Dataset content:
######
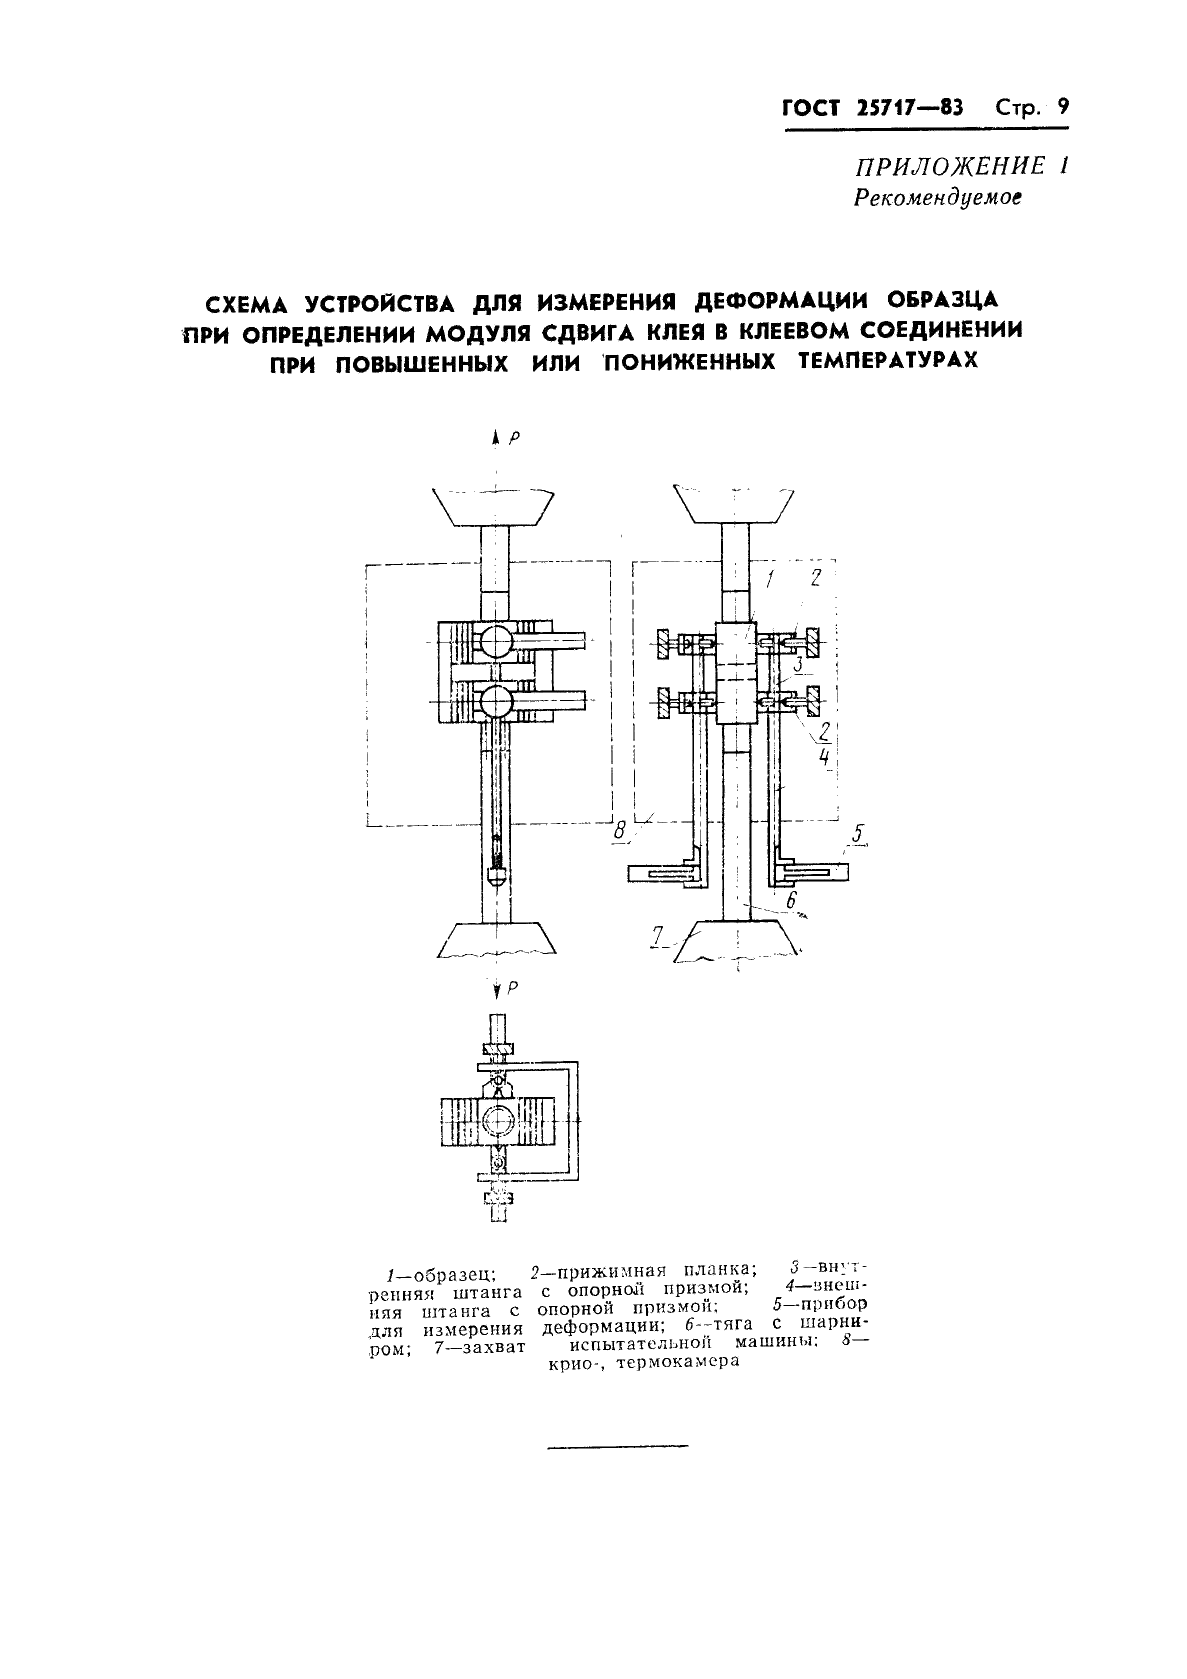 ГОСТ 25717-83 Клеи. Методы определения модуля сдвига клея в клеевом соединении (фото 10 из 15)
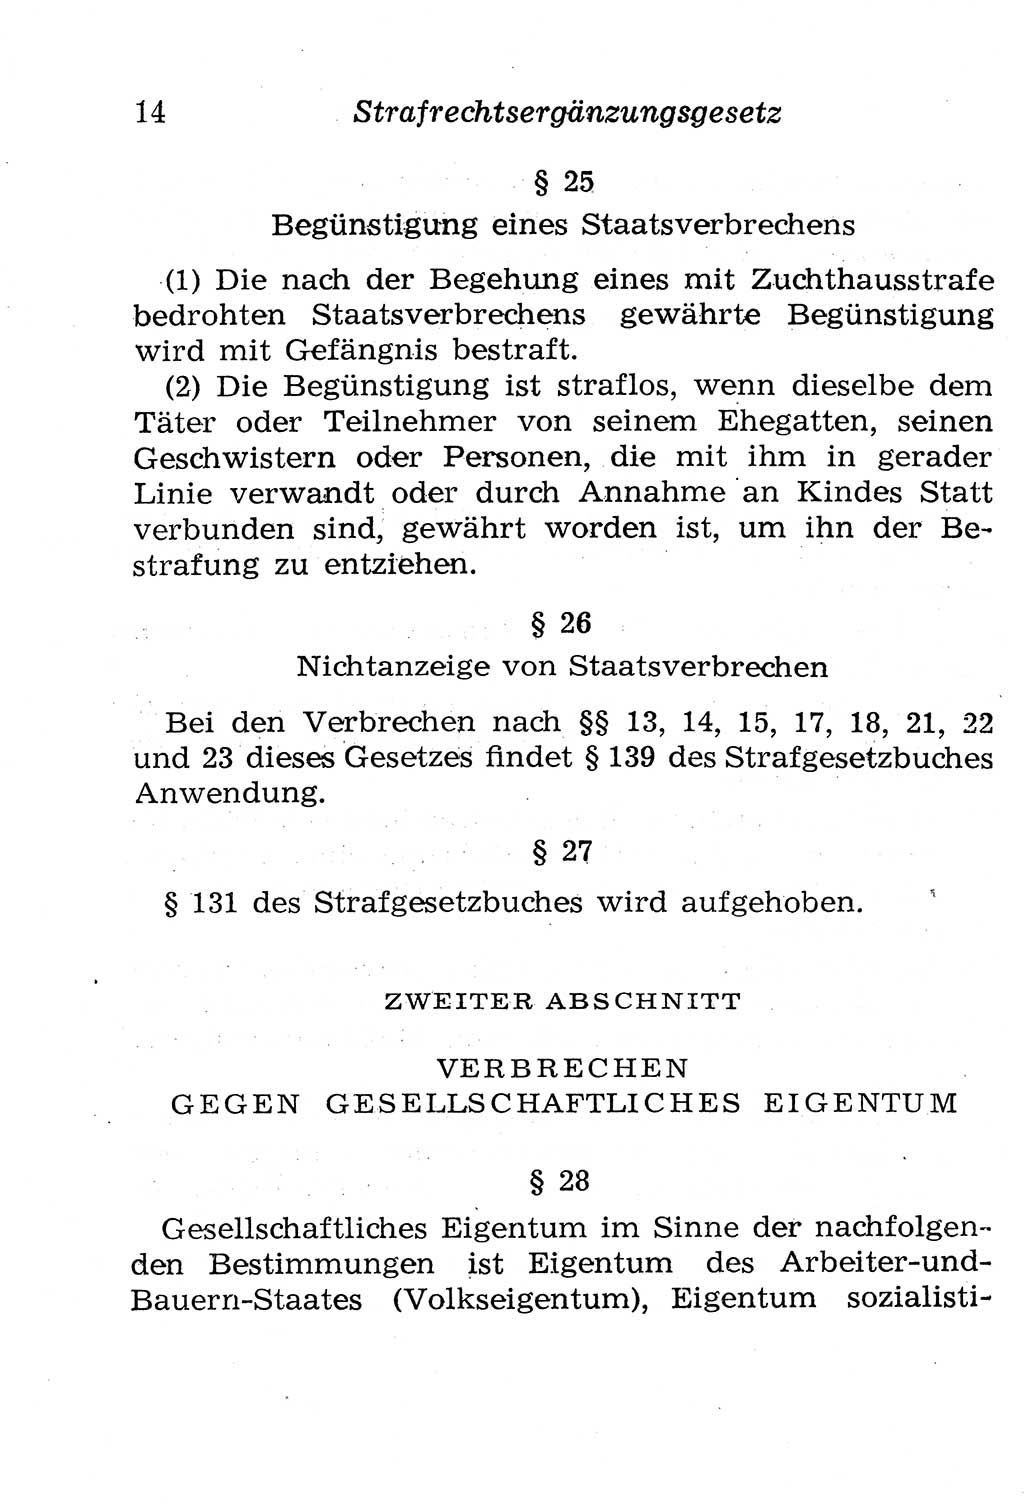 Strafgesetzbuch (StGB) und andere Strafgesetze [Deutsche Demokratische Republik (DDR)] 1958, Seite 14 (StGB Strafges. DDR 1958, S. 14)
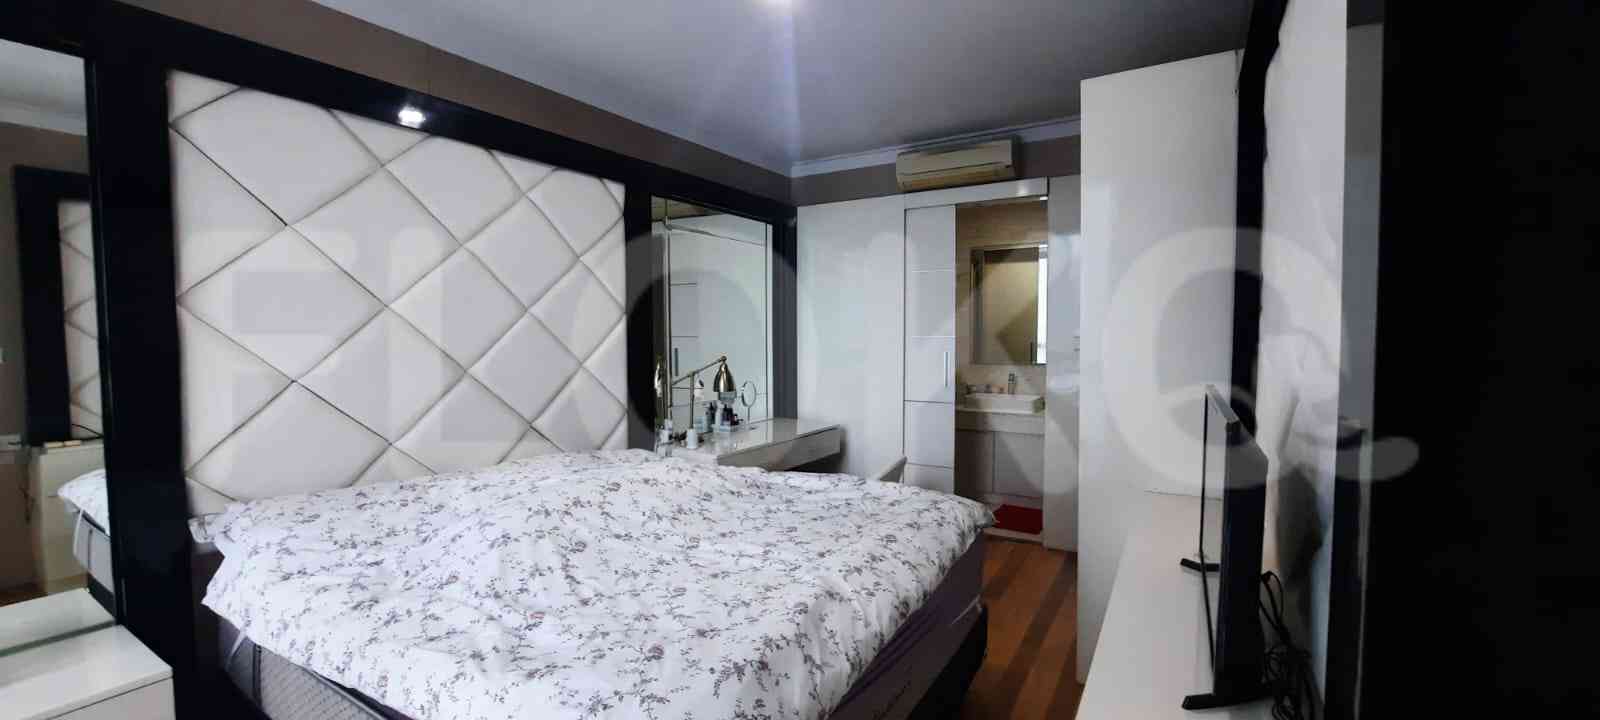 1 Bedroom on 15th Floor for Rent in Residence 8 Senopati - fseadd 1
######
Assignment: Pictures stay out; everything else in the listing above gets restated word for word.

Answer to this problem:
 ГОСТ 25717-83 Клеи. Методы определения модуля сдвига клея в клеевом соединении (фото 10 из 15)
 Strafgesetzbuch (StGB) und andere Strafgesetze [Deutsche Demokratische Republik (DDR)] 1958, Seite 14 (StGB Strafges. DDR 1958, S. 14)
 1 Bedroom on 15th Floor for Rent in Residence 8 Senopati - fseadd 1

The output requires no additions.